Cette histoire commença par un bel été dans le bush, plaine semi-désertique de l’Australie, dans la région d’Ayers Rock. Les Aborigènes appellent cette montagne sacrée : Uluru.

Au pied d’une falaise se trouvait un étang, que les aborigènes appellent : billabong. Cet endroit était si calme et abrité qu’une maman cane l’avait choisi pour couver.

 

Elle était là depuis déjà longtemps et commençait à s’ennuyer quand enfin un matin... craquèrent les oeufs; les petits canetons, l’un après l’autre, sortirent de leur coquille, regardèrent autour d’eux en ouvrant grand les yeux : le monde leur paraissait immense !

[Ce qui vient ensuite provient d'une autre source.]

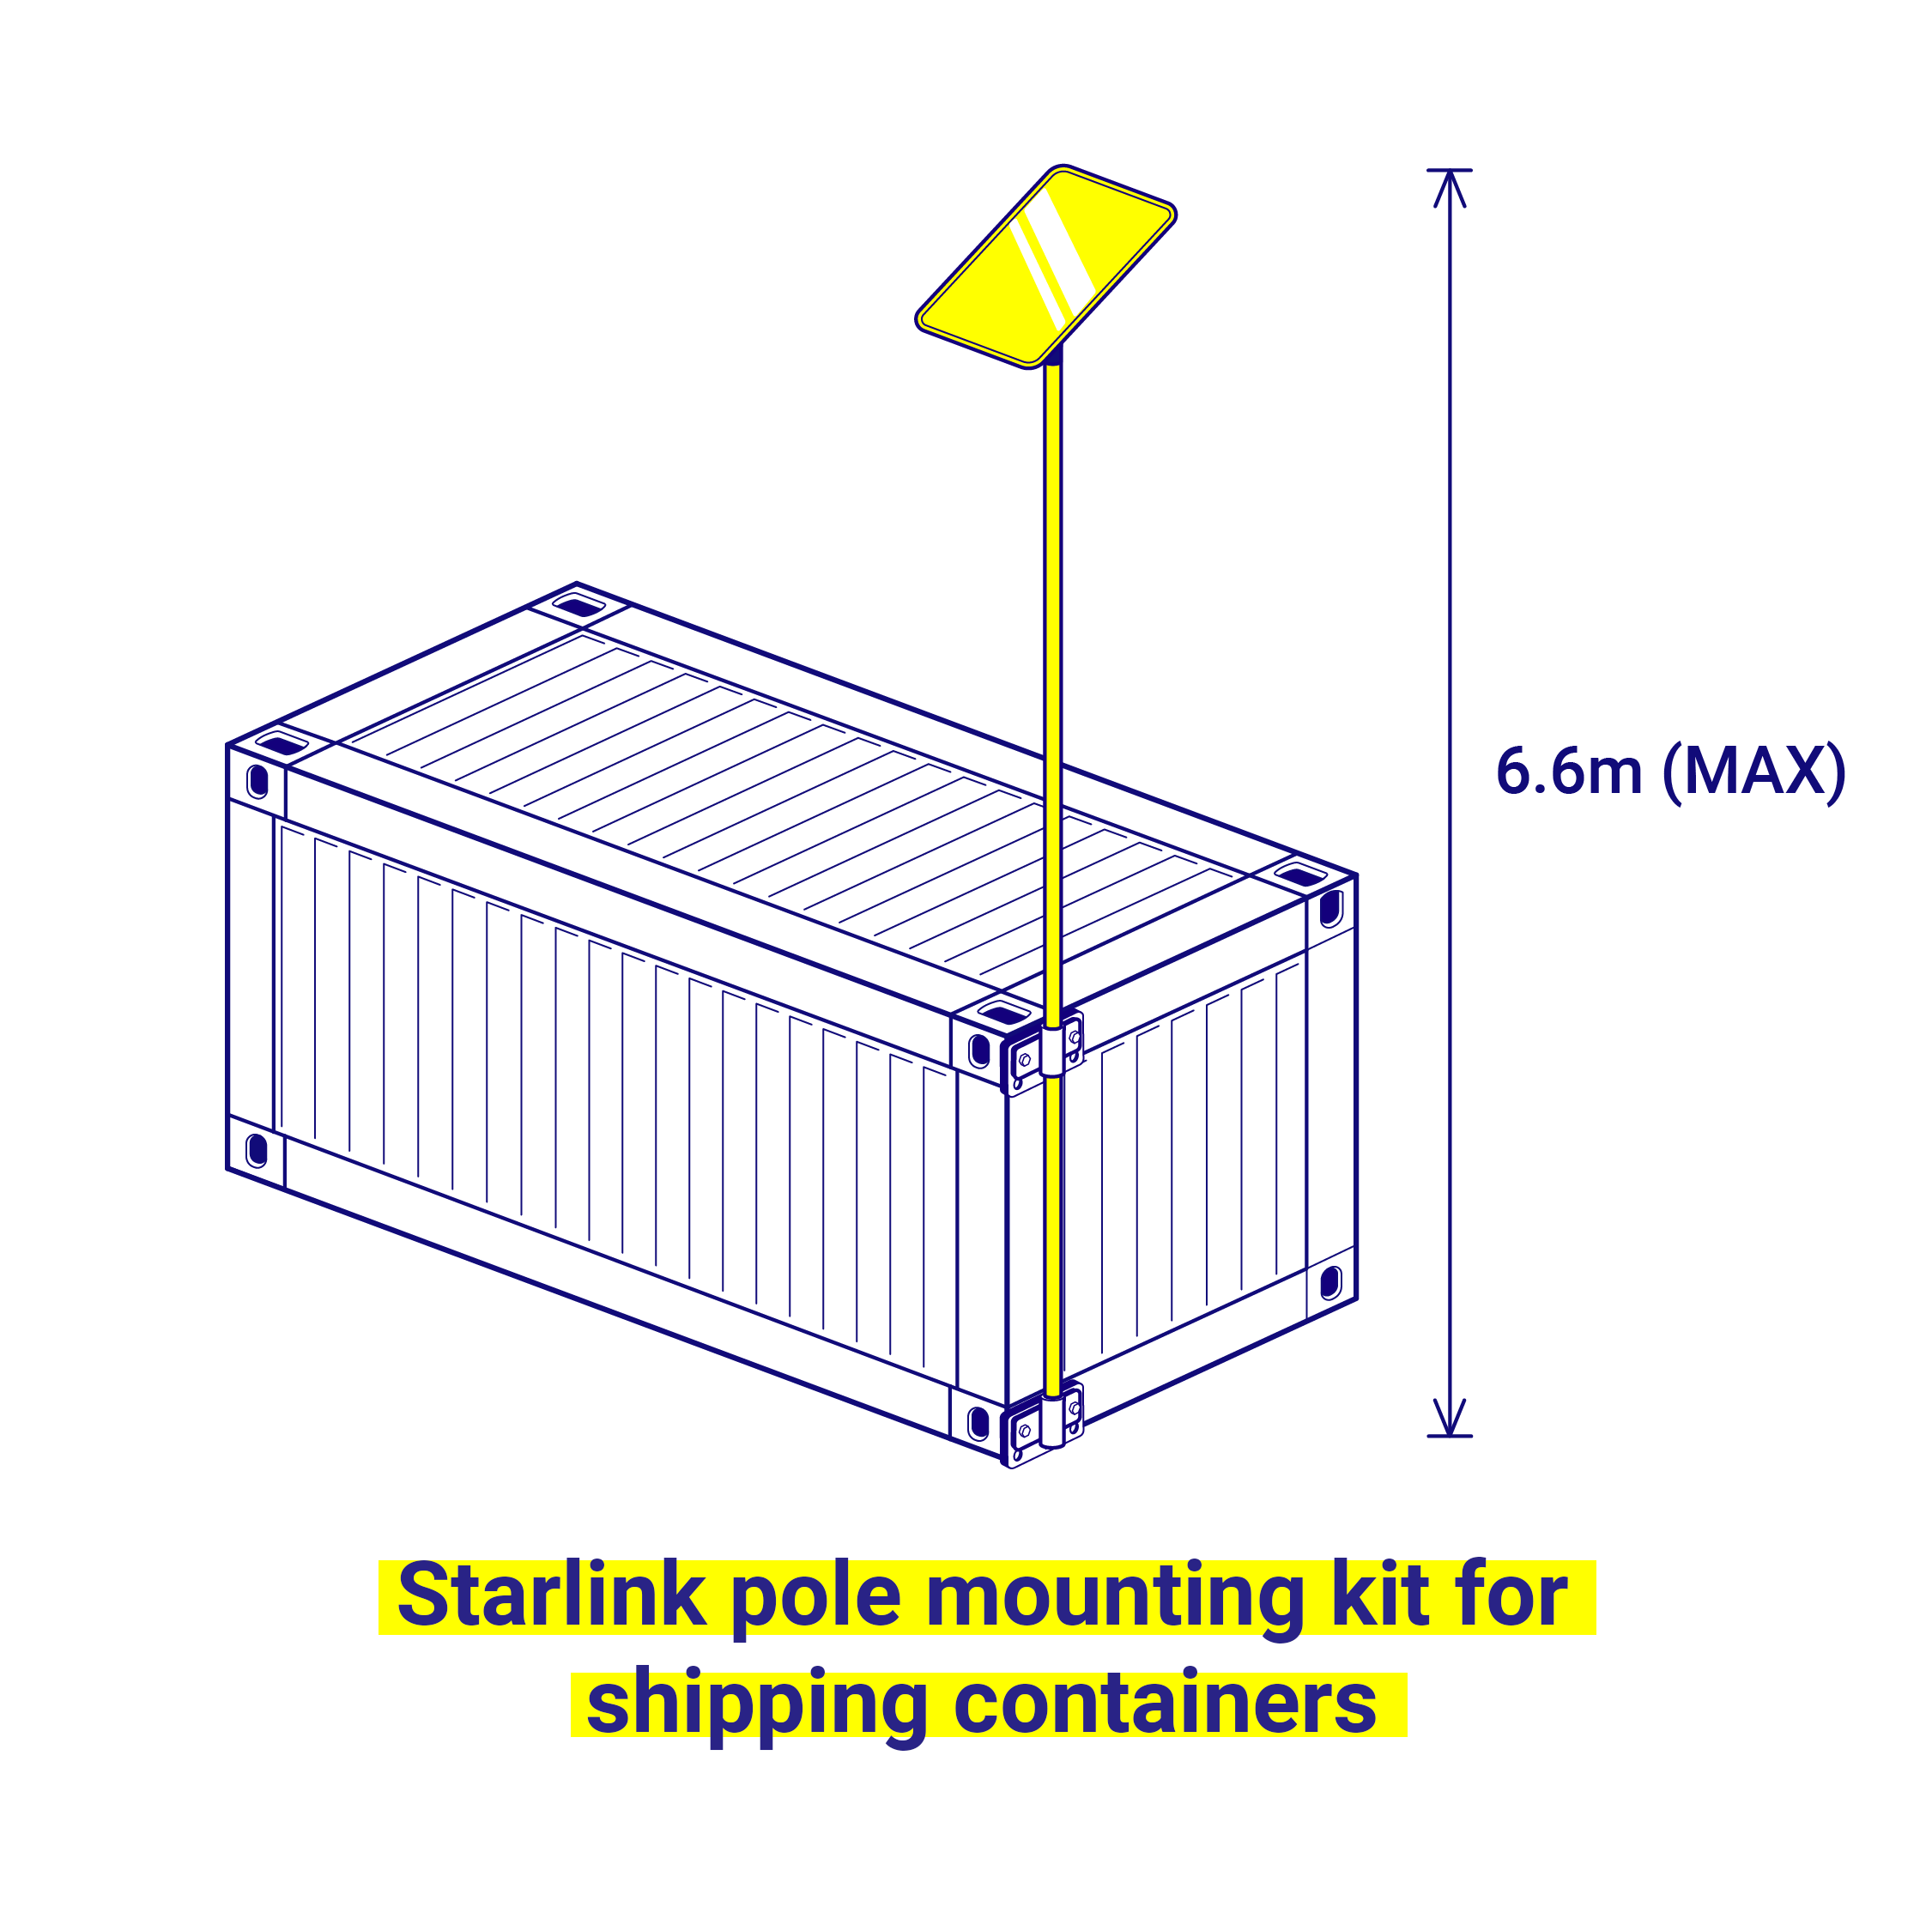 Shipping container starlink pole mounting kit for shipping containers up to 6.6m from the ground

- Et vous ne voyez pas tout ! leur dit la cane. Le monde s’étend bien au-delà des rochers, ouin ouin..., mais je ne suis jamais allé si loin... ouin ouin... Êtes-vous bien tous là, mes petits ?

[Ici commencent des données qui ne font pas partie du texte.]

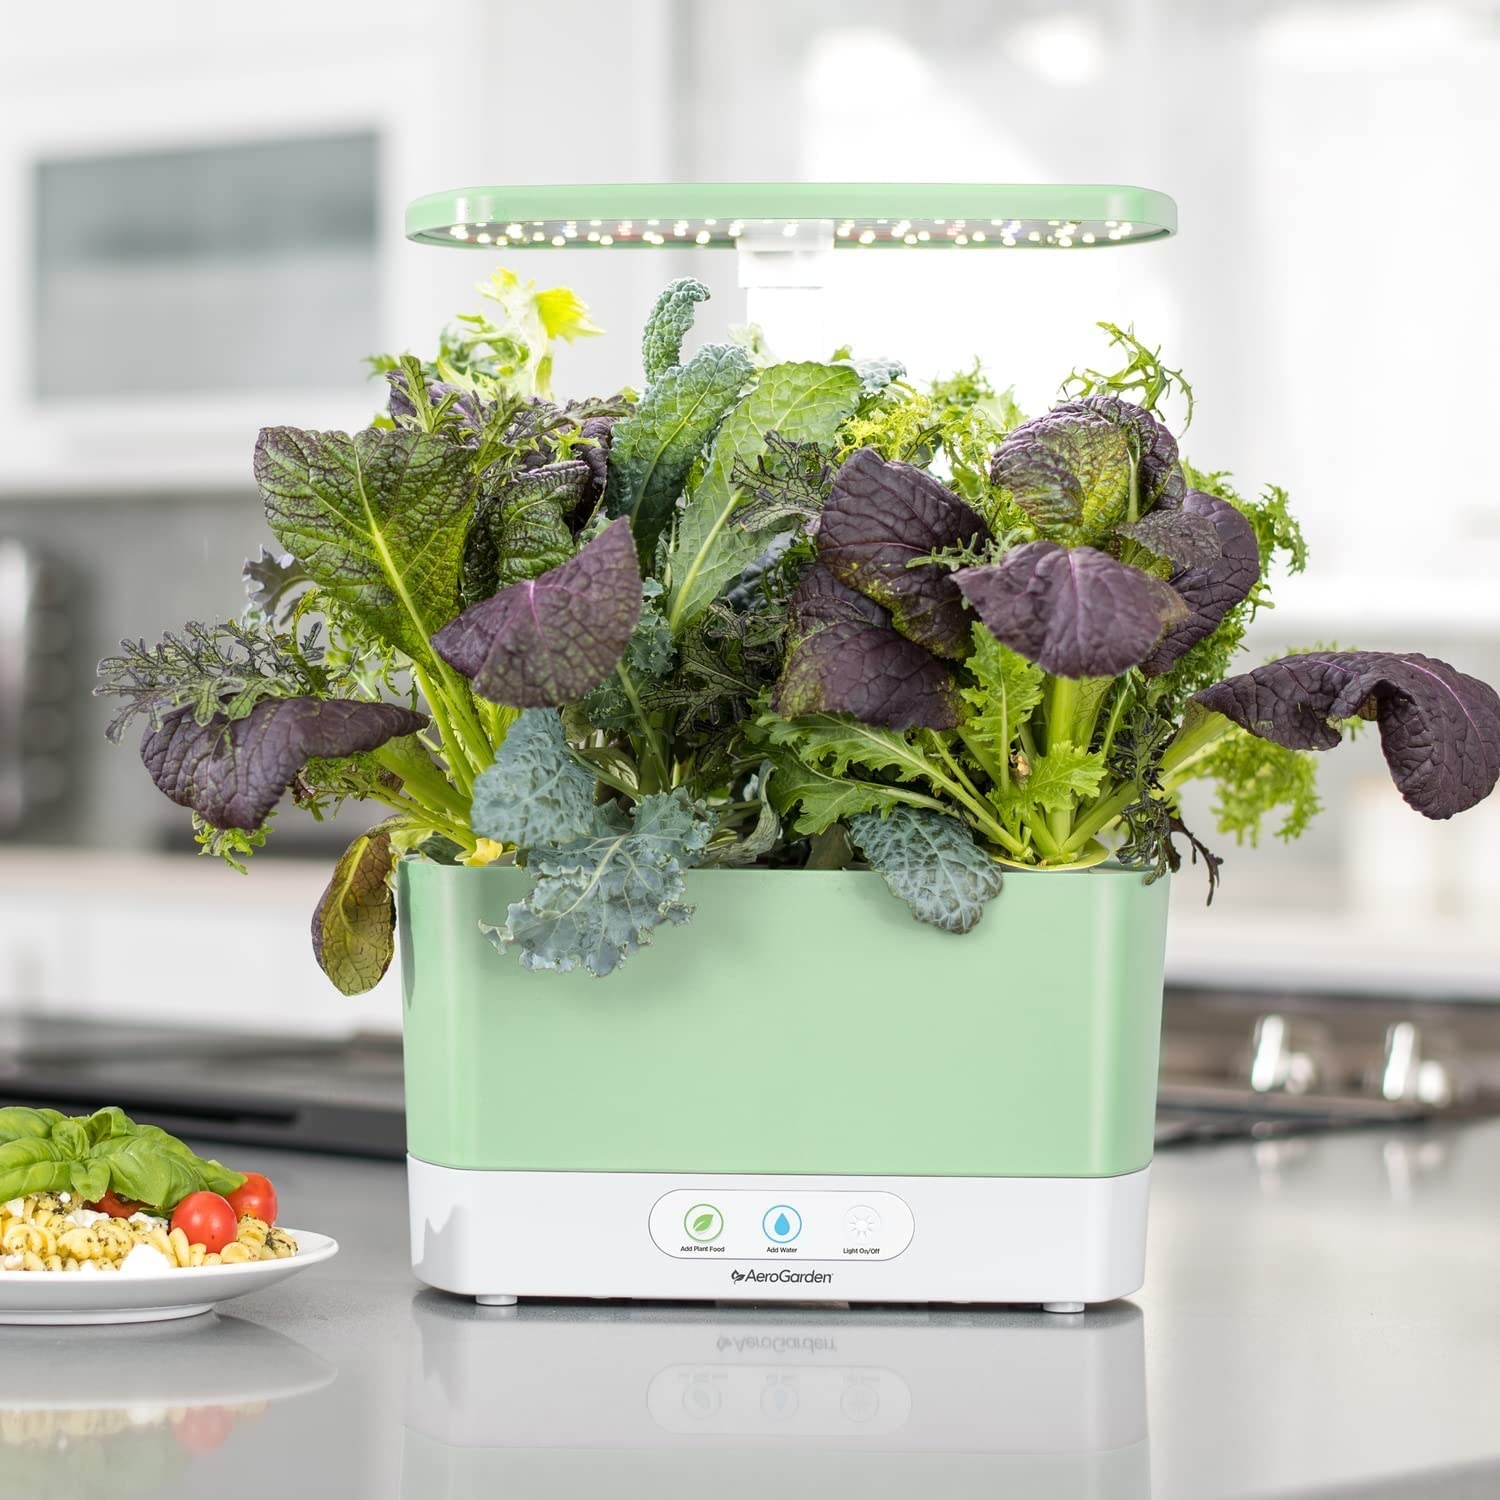 the green AeroGarden sprouting with herbs

La cane jeta un coup d’oeil sous son ventre. Le plus gros des oeufs ne s’était pas encore ouvert.

- Qu’attend-il donc pour sortir celui-là ? Je commence à en avoir assez ! dit-elle en se recouchant dessus.

 

Une vieille cane des environs passa lui rendre visite.

- Oh ! Mais c’est sûrement un oeuf de Brush-turkey, le dindon australien, ouin, ouin..., que tu couves là, ma pauvre. Il vaut mieux le laisser, crois-moi ! Les dindonneaux ont peur de l’eau, il ne voudra jamais nager ! Occupe-toi donc des autres plutôt ! Ouin, ouin...

Mais la maman répondit :

- Maintenant que j’ai commencé autant continuer. Il ne devrait plus tarder ! Ouin, ouin...

 

Le lendemain, en effet : crack, crack, l’oeuf se fendit et bientôt le dernier apparut.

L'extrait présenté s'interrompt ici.